# Hot Pixel on my D90



## Logan.Gee (Apr 28, 2010)

I bought my D90 from a friend earlier this month and recently discovered a hot pixel. It shows up at all shutter speeds and every ISO I've tried. 

Here are 3 pictures to show you what I mean.

all 3 are at f/4.2 with a 1/5 second shutter.

200 iso






1250 iso





3200 iso





He purchased it in September of 2008, so the warranty is up.

Is there anything I can do about this? I wouldn't think Nikon would fix it for free.

Has anybody yielded positive results with these?


----------



## lvcrtrs (Apr 29, 2010)

First I had to clean the dust off of my monitor.  It's left of center, upper left quarter, yes?  If it's out of warranty and it doesn't affect your pictures you might just wish to live with it before spending $$ to have it taken care of.


----------



## Logan.Gee (Apr 29, 2010)

Dust off your monitor?

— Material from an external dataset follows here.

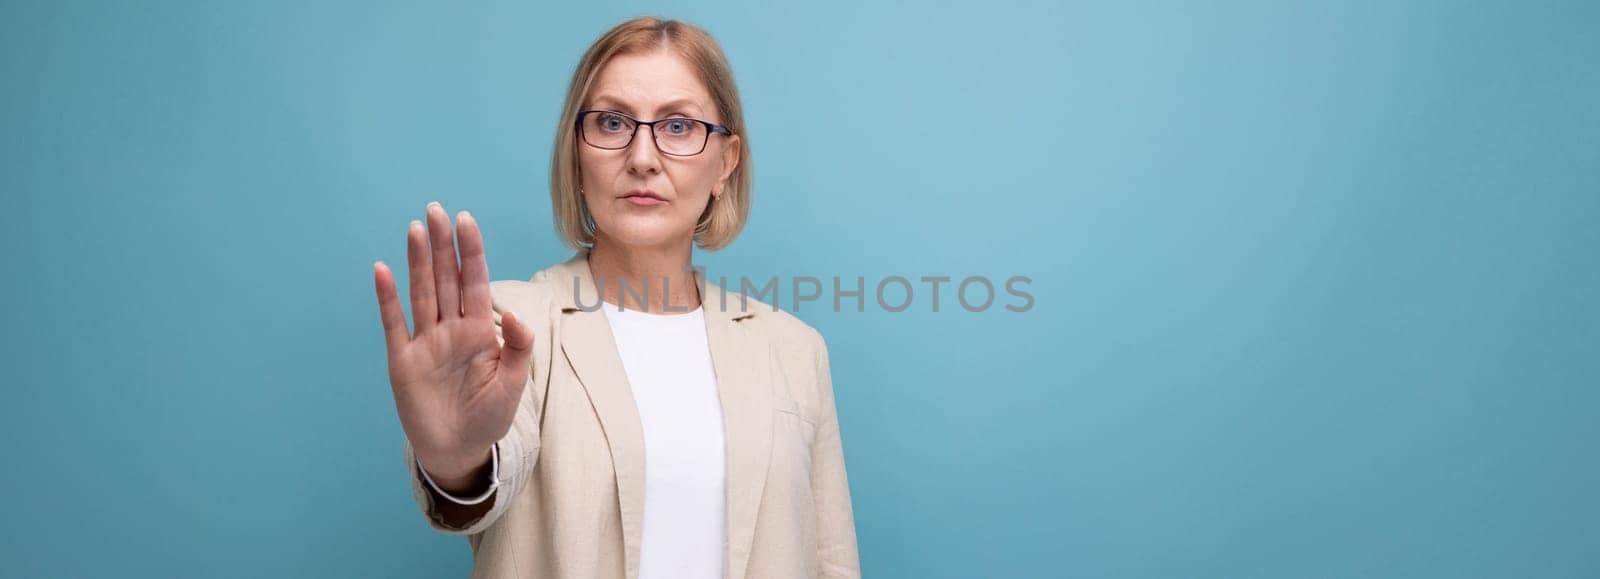 middle-aged woman business serious on bright studio background with copy space.
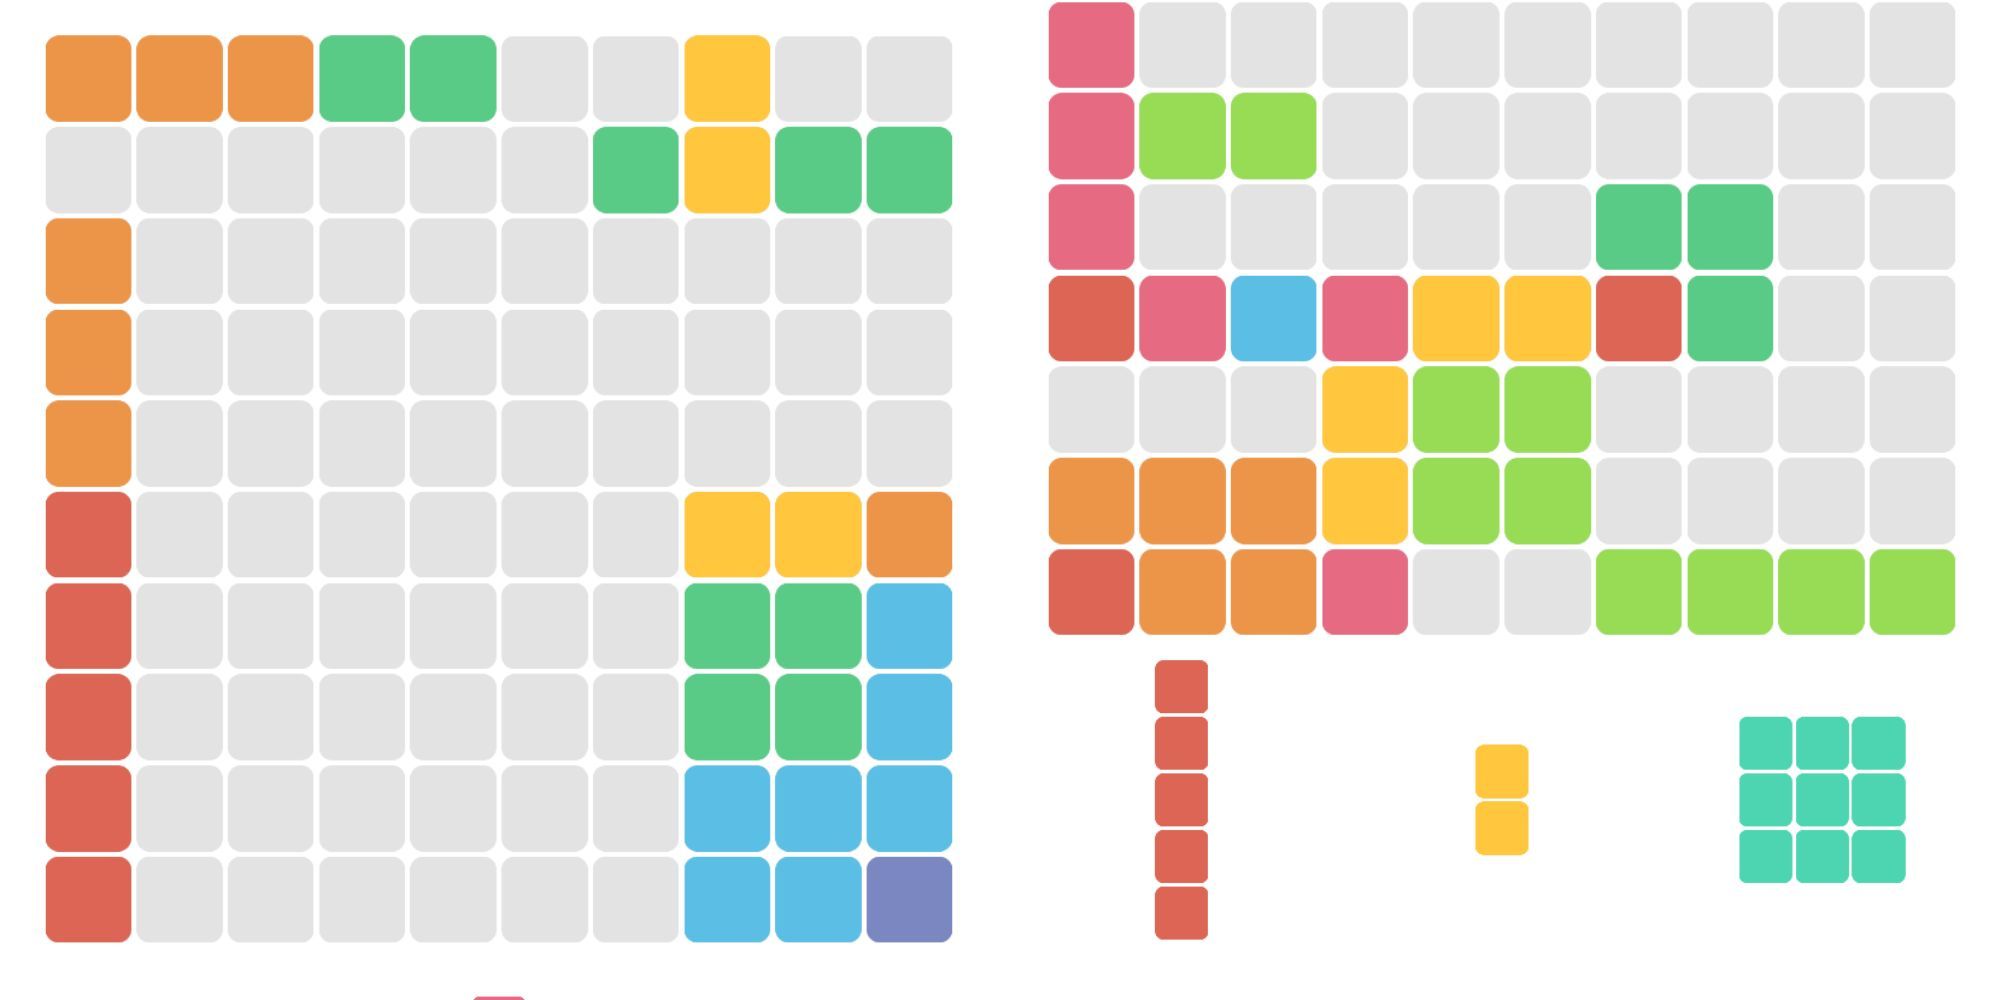 1010 - Two Examples Of The Game Board With Three Shapes To Pick From To Slot Into Grid

Yeah, it's the bottom right quarter of the upper left quarter if that makes sense.

It does affect my pictures, that's why it's annoying. Noticeable when you look at the pictures.


----------



## Jeff Colburn (Apr 29, 2010)

There's a feature on my Canon Rebel that lets me map these pixels and remove them. It averages the information from surrounding pixels and puts that information in place of the hot pixel. See if your camera does that too.

Have Fun,
Jeff


----------



## mrpink (Apr 29, 2010)

clone brush and move on.  not worth the $$ to fix.  mine has about three hot pixels and I really don't care, 5 seconds in PP and they are gone (I know where they are so no hunting around).



p!nK


----------



## Sw1tchFX (Apr 29, 2010)

Don't worry about it, my camera has a few hot pixels when i do long exposures, there's nothing to worry about. If it does bother you, you can always clone it out, otherwise, you wouldn't even notice it in print.


----------



## Garbz (Apr 29, 2010)

Does it appear at faster shutterspeeds too?


----------